The bill’s opponents however say the fight is not over to prevent it from taking effect. The ACLU of South Dakota has been advocating against the bill during it’s journey through the South Dakota State Legislature, calling the signing a sad day for transgender youth and their families.

“It’s shameful. And it only reinforces the incorrect notion that transgender students are not entitled to the same dignity and respect as all students.” said ACLU of South Dakota Communications Director Janna Farley.

Instead of focusing on topics that would further protect the interest of women’s sports, the ACLU of South Dakota said the bill focuses on a non-issue.

“If Governor Noem and the legislators who supported Senate Bill 46 really wanted to protect fairness in women’s sports, they would be tackling the actual threats to women’s sports. Everything from severe underfunding, lack of media coverage, the sexual ideologies that suggest that women and girls are weak, pay equity for coaches,” said Farley. “There’s so many things that could be tackled. But instead, we’re focusing on transgender women and girls.”

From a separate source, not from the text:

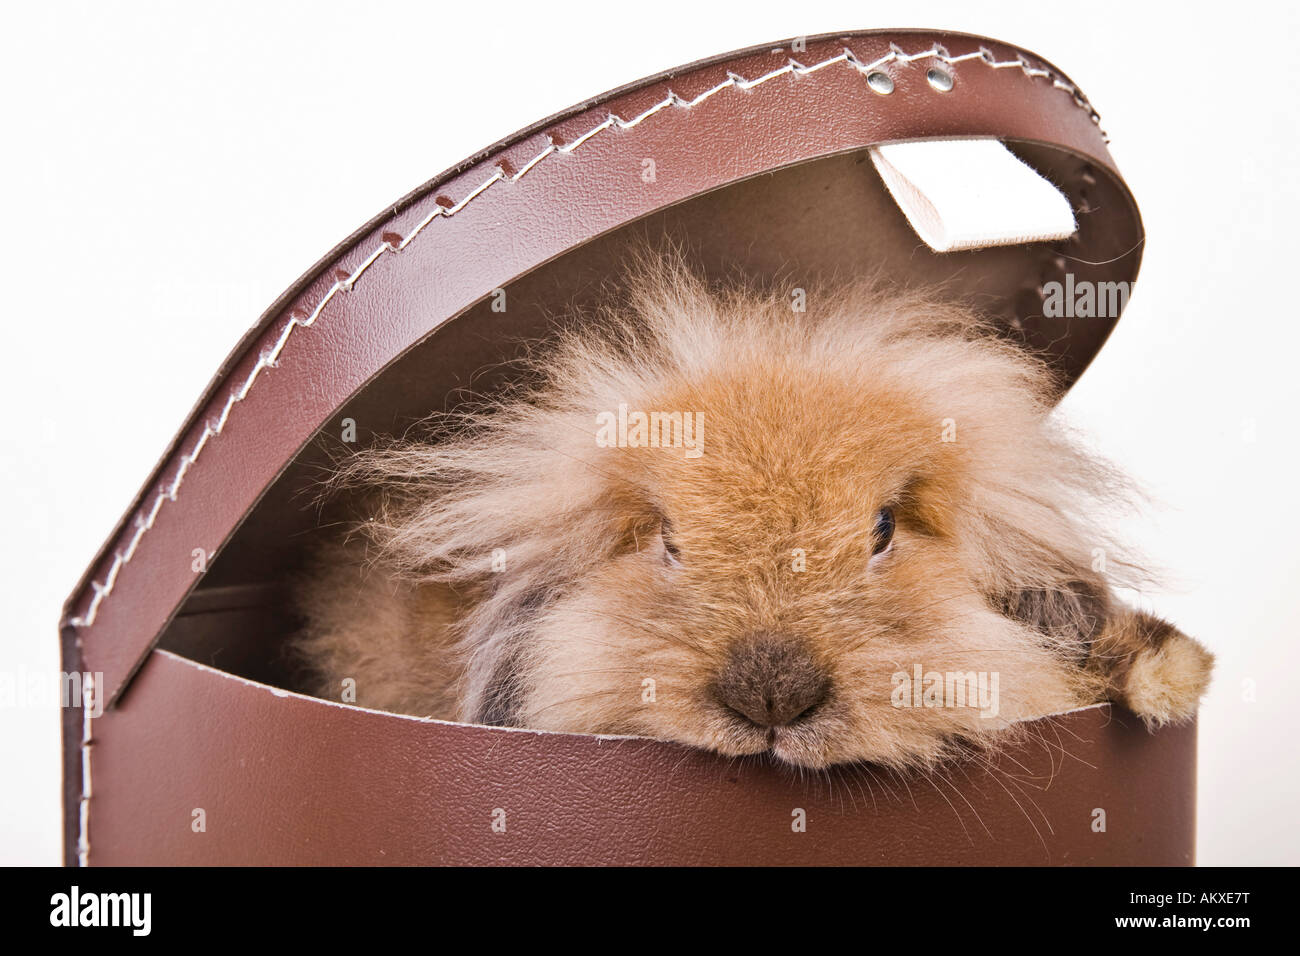 Rabbit in a carton Stock Photo

Advocacy groups in the state and around the country say the process has placed stress and fear on transgender youth and their families, by telling those individuals that they’re different and excluding them from activities with their peers.

“I really think that this is hurtful to the students, and it disrupts schools’ efforts to treat all kids fairly,” said Transformation Project SD Executive Director Susan Williams. “Governor Noem and the South Dakota State Legislature have decided to really shut transgender youth out of these opportunities, promote discrimination and encourage harassment of vulnerable kids in our state.”

According to The Trevor Project, a national suicide prevention and crisis intervention organization for LGBTQ youth, Senate Bill 46 is the first anti-transgender bill to be signed into law in 2022. For parents of transgender youth in the state, the legislation singles out their children and doesn’t treat them as equals to their peers.

“The signing of this bill is just sad. The bill is discriminatory. If it were really about fairness in sports, we’d be finding ways for all girls to play on traveling teams, go to special camps, or get conditioning. We wouldn’t be trying to exclude a segment of girls from participating in sports.”

Jennifer Phalen, parent of a transgender youth

The ACLU of South Dakota said even though the bill will come into effect on July 1st, their fight against Senate Bill 46 is far from over.

“So in terms of Senate Bill 46, we’re weighing all of our options to ensure that the constitutional rights of transgender women and girls in South Dakota are upheld.” said Farley.

Farley said in addition to the fairness in women’s sports bill, the ACLU of South Dakota is also advocating against other bill in the state legislature that would also affect transgender youth. One of those bills is House Bill 1005, that would ban transgender students from using school bathrooms that match their gender identity.